Как ни пытался Митя найти хоть какую-то прелесть в Грачевской усадьбе, у него ничего не получалось. Здание пугало диким барокко ривьеры, железными серыми скульптурами, имперскими вечнозелеными туями и полным отсутствием людей за оградой. Сама же чугунная ограда, к ужасу Блюма, почти везде хорошо сохранившаяся, имела вид поникших и побитых морозом ушей вампиров. «Как страшно», – думал Блюм, проходя мимо еще более ужасной пятиглавой церкви с медной кровлей в виде циклопической шапочки Дюймовочки из «Веселых картинок». Параноидальная дисгармония кричала из каждого изгиба неуклюжего сооружения. «Предчувствие революции в русской церковной архитектуре конца XIX века», – подумал Митя и пошел в сторону платформы Моссельмаш. Возле станции, при подходе к мосту, женщина тащила тяжеленную сумку. Митя посмотрел на нее с сочувствием.

– Молодой человек, – сказала она, – помогите пожилой старушке, не откажите, так сказать, в любезности.

И Митя не отказал, так сказать, в любезности. Женщина оказалась проводницей. Ее поезд отдыхал между рейсами как раз на этой станции под мостом. Длинный пассажирский состав изгибался на запасных путях. Блюм с сумкой поднялся по лесенке в вагон. Проводница поблагодарила его и усадила в угол купе.
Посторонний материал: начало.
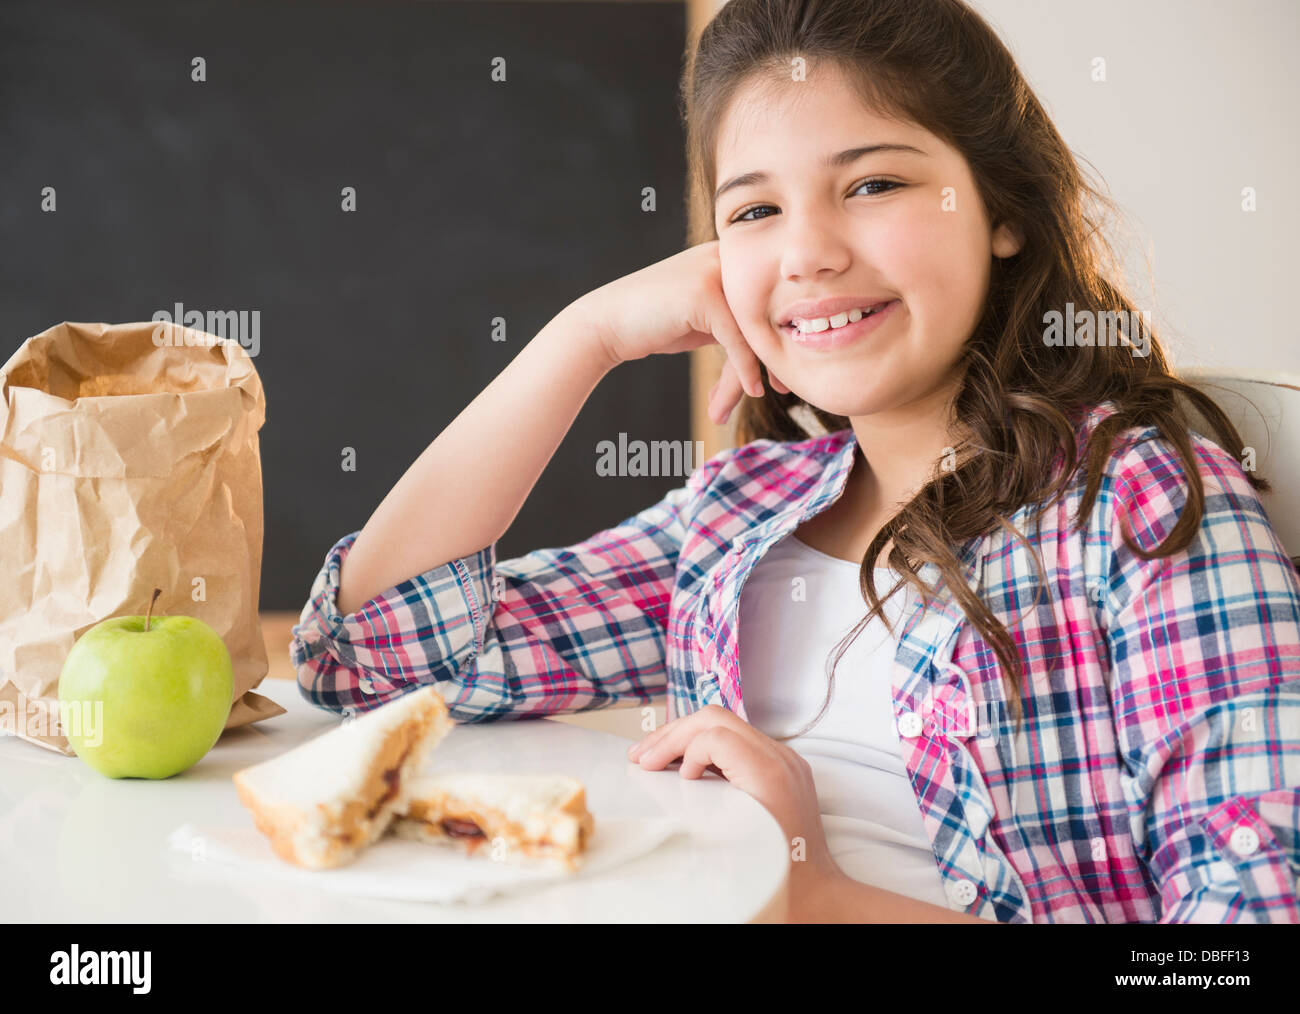 Hispanic girl eating lunch at desk Stock Photo
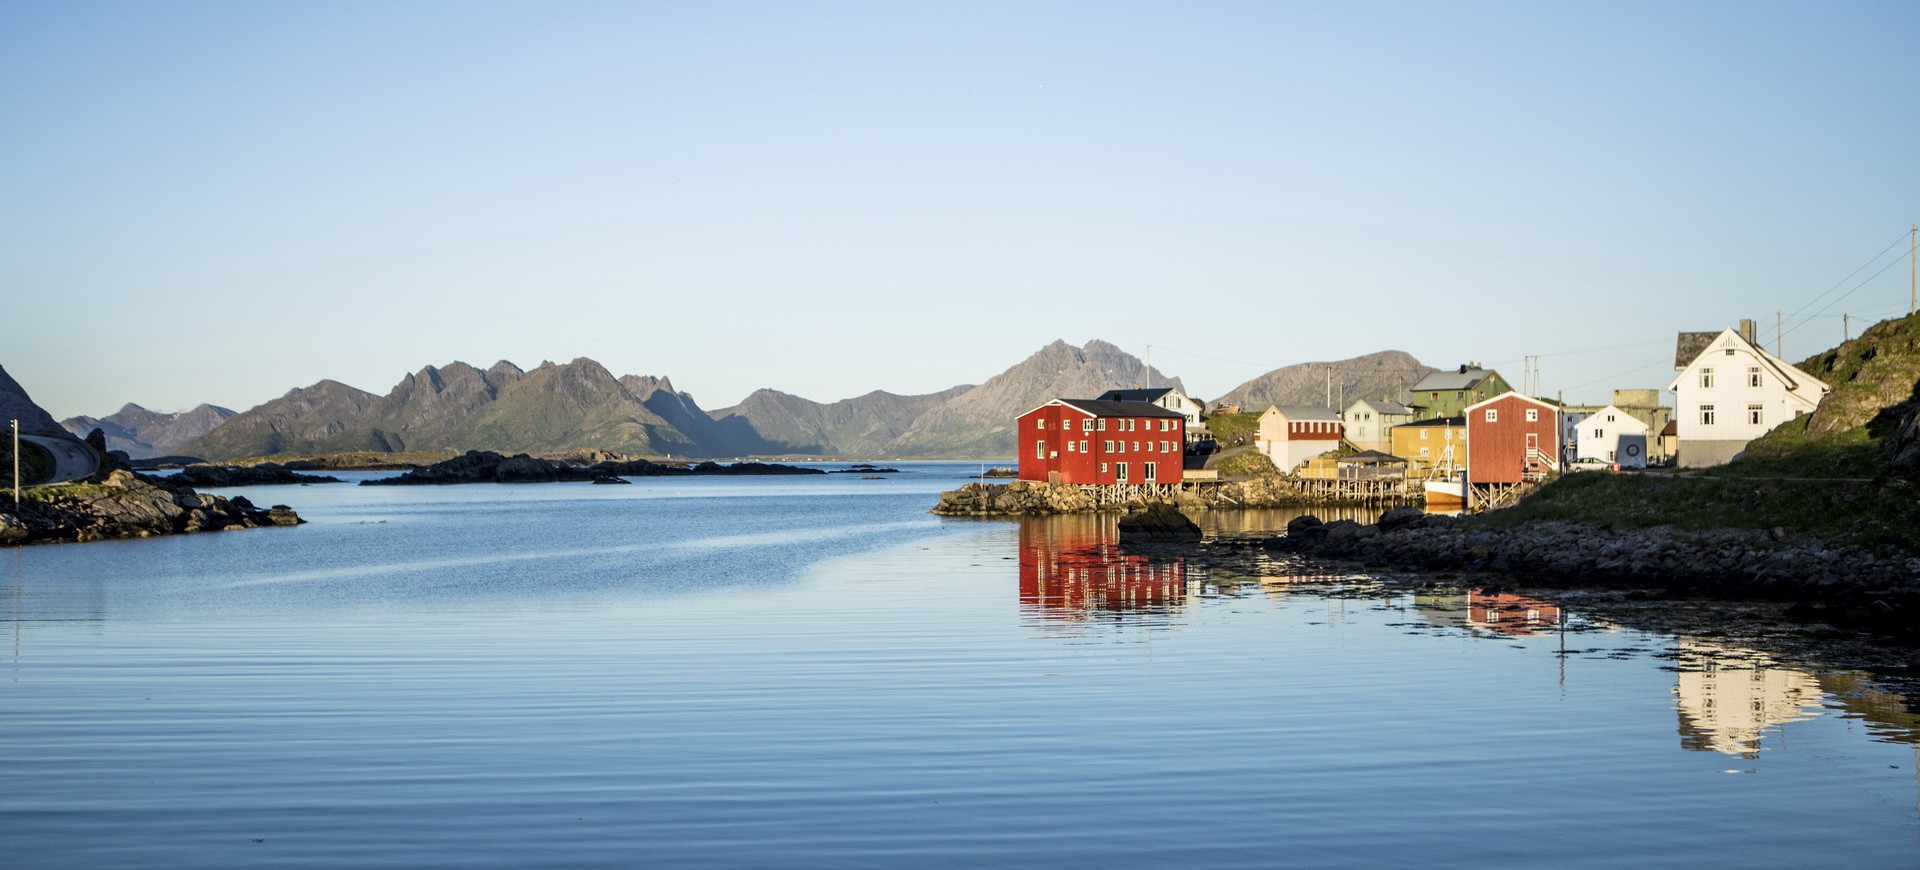 Norvège Bergen un village de Pêcheurs

– Сейчас я тебя, мальчик, чаем напою, – сказала она. Женщина была совсем не «пожилой старушкой», но намного старше Мити, скорее всего, годилась ему в матери. Она была чуть грубовата, но красива. «Может, она надеялась на что, а я – дурак – полез», – подумал Митя. Она потрепала его по голове: «Мальчик какой симпатичный, маленький совсем. Ничего, щас чаю сладкого… бутербродов с икрой… Подружка во Владивосток каталась. Икры чемодан… двадцать банок привезла… литровых». Она стала умело по-домашнему хлопотать, с каким-то неуловимым всероссийским говором, выспрашивать деликатно, почему он шатается впотьмах один, что да как. Самое, как всегда важное: кто родители? братья-сестры? хватает ли денег на жизнь? Не пьют ли в семье? И Блюм неожиданно для себя не стал ничего врать, а стал рассказывать, звеня ложкой в стакане, что живет с дядькой и теткой. Дядька мелкий торговец антиквариатом, хитрец и спекулянт, тетка непонятно кто, читательница детективов, в детстве закончила не то балетную школу, не то кружок хореографии при дворце пионеров. Когда-то Блюм хотел дознаться про своих родителей, но толком у него ничего не получилось. Его дядька, Кирилл Сергеевич, сказал, что отец разбился на машине на Минском шоссе. А позже почему-то называлось Дмитровское. Про маму тоже говорили что-то невнятное: физический институт в Долгопрудном, рак, Каширка. Смерть. Иногда упоминалась версия с больным сердцем. Еще у Блюма была бабка, выжившая из ума, которая всегда жила в доме престарелых и внуком не интересовалась. Митя приходил изредка к ней. Это была молодящаяся мумия средних лет, и Блюму иногда казалось, что именно она и могла быть его матерью. Но бабка не расспрашивала Блюма ни о чем, вспоминала о Плеханове, Троцком, Володарском. Рассуждала о Елизавете. Курила, держа сигарету тонкими пальцами, за разговором подолгу забывая затягиваться и стряхивать пепел. Спрашивала, умер ли Брежнев. Получив утвердительный ответ, смеялась от души. Потом мастерски, с достоинством рассказывала пару всегда свежих неприличных анекдотов и отпускала Блюма восвояси.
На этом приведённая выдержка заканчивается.